12

I have a classification problem where I have the pixels values of an 8x8 image and the number the image represents and my task is to predict the number('Number' attribute) based on the pixel values using RandomForestClassifier. The values of the number values can be 0-9.

from sklearn.ensemble import RandomForestClassifier
from sklearn.metrics import roc_auc_score

forest_model = RandomForestClassifier(n_estimators=100, random_state=42)
forest_model.fit(train_df[input_var], train_df[target])
test_df['forest_pred'] = forest_model.predict_proba(test_df[input_var])[:,1]
roc_auc_score(test_df['Number'], test_df['forest_pred'], average = 'macro', multi_class="ovr")

Here it throws an AxisError.

Traceback (most recent call last):
  File "dap_hazi_4.py", line 44, in 
    roc_auc_score(test_df['Number'], test_df['forest_pred'], average = 'macro', multi_class="ovo")
  File "/home/balint/.local/lib/python3.6/site-packages/sklearn/metrics/_ranking.py", line 383, in roc_auc_score
    multi_class, average, sample_weight)
  File "/home/balint/.local/lib/python3.6/site-packages/sklearn/metrics/_ranking.py", line 440, in _multiclass_roc_auc_score
    if not np.allclose(1, y_score.sum(axis=1)):
  File "/home/balint/.local/lib/python3.6/site-packages/numpy/core/_methods.py", line 38, in _sum
    return umr_sum(a, axis, dtype, out, keepdims, initial, where)

AxisError: axis 1 is out of bounds for array of dimension 1
Bálint Béres
  • 168
  • 1
  • 1
  • 9
  • I managed to solve my problem.
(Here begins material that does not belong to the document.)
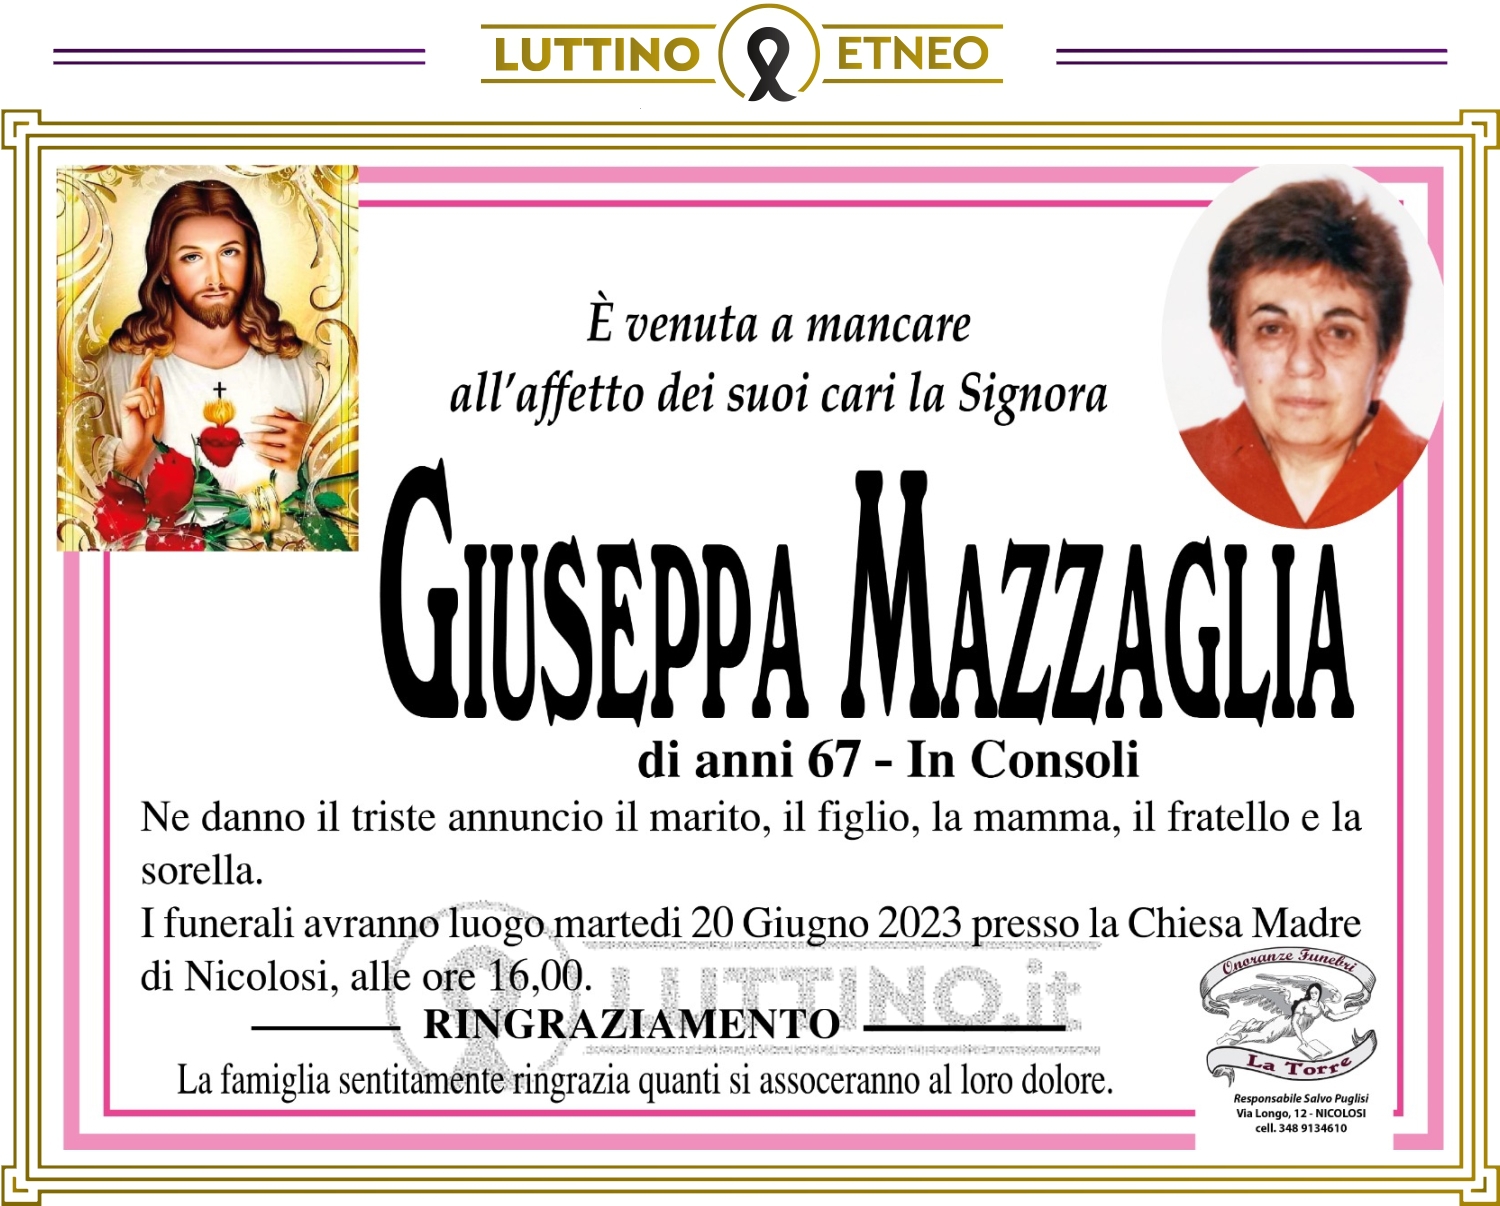 Giuseppa Mazzaglia
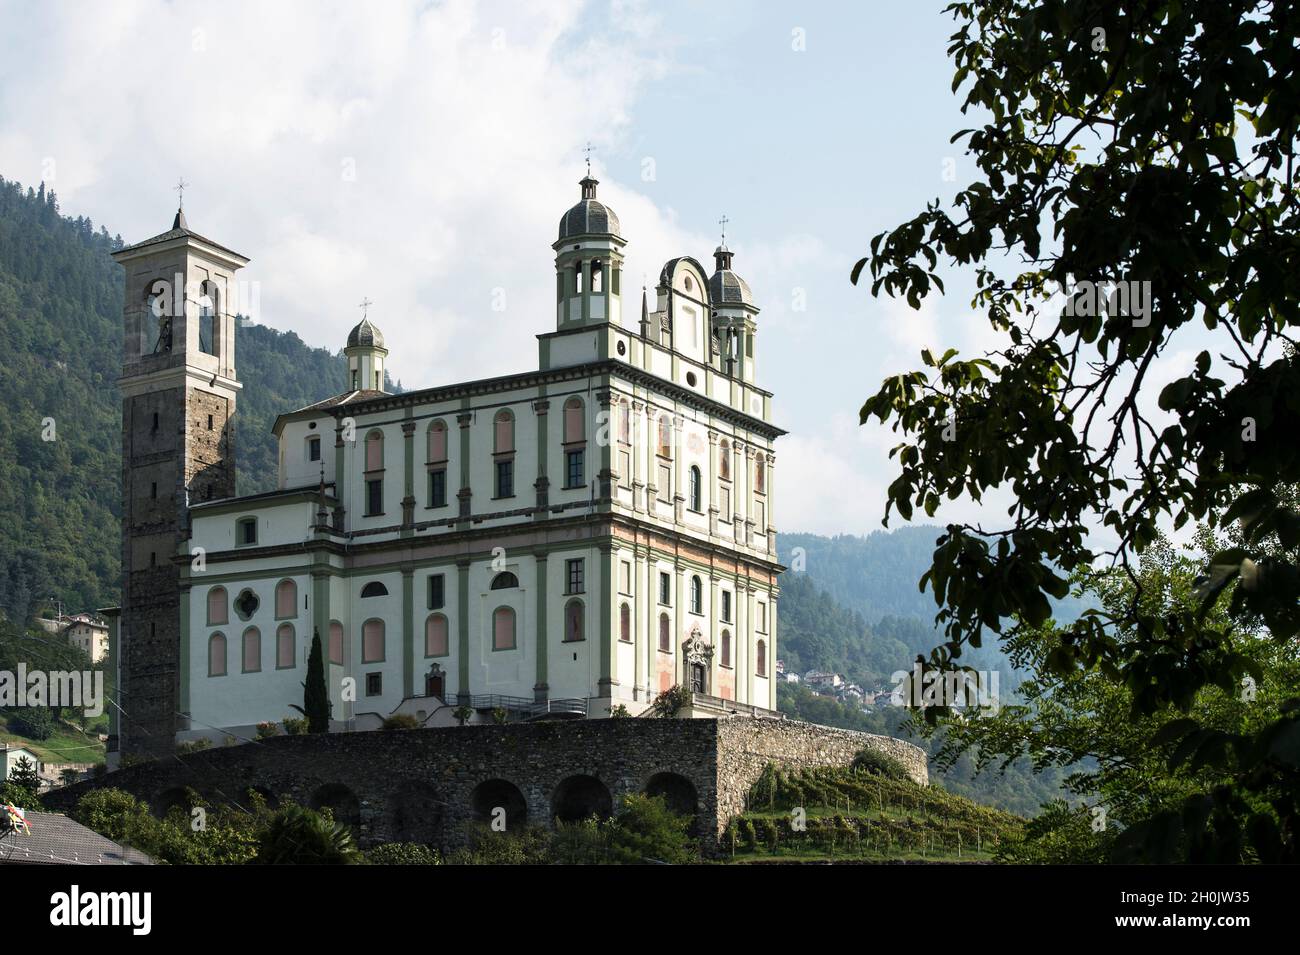 Italy, Lombardy, Valtellina, Tresivio, Santa Casa Lauretana Sanctuary Stock Photo

It was that, because my classification problem was multiclass the target column needed to be binarized before fitting and calculating the auc score. – Bálint Béres Apr 20 '20 at 03:44
  • What exactly did you do @Bálint Béres? – Manuel Nov 25 '20 at 03:49
  • I have used this [Calculate sklearn.roc_auc_score for multi-class](https://stackoverflow.com/a/52750599/12218616) @mclzc. – Bálint Béres Nov 25 '20 at 21:46
  • 5
    When using `sklearn.model_selection.cross_validate` and similar and this error appears you just need to set `needs_proba=True` in `make_scorer(roc_auc_score, multi_class='ovo', needs_proba=True)` – lhaferkamp Feb 02 '21 at 14:26

3 Answers3

13

The error is due to multi-class problem that you are solving as others suggested. All you need to do is instead of predicting the class, you need to predict the probabilities. I had this same problem before, doing this solves it.

Here is how to do it -

# you might be predicting the class this way
pred = clf.predict(X_valid)

# change it to predict the probabilities which solves the AxisError problem.
pred_prob = clf.predict_proba(X_valid)
roc_auc_score(y_valid, pred_prob, multi_class='ovr')
0.8164900342274142

# shape before
pred.shape
(256,)
pred[:5]
array([1, 2, 1, 1, 2])

# shape after
pred_prob.shape
(256, 3)
pred_prob[:5]
array([[0.  , 1.  , 0.  ],
       [0.02, 0.12, 0.86],
       [0.  , 0.97, 0.03],
       [0.  , 0.8 , 0.2 ],
       [0.  , 0.42, 0.58]])

bhola prasad
  • 675
  • 7
  • 22
3

Actually, as your problem is multi-class the labels must be one-hot encoded. When labels are one-hot encoded then the 'multi_class' arguments work. By providing one-hot encoded labels you can resolve the error.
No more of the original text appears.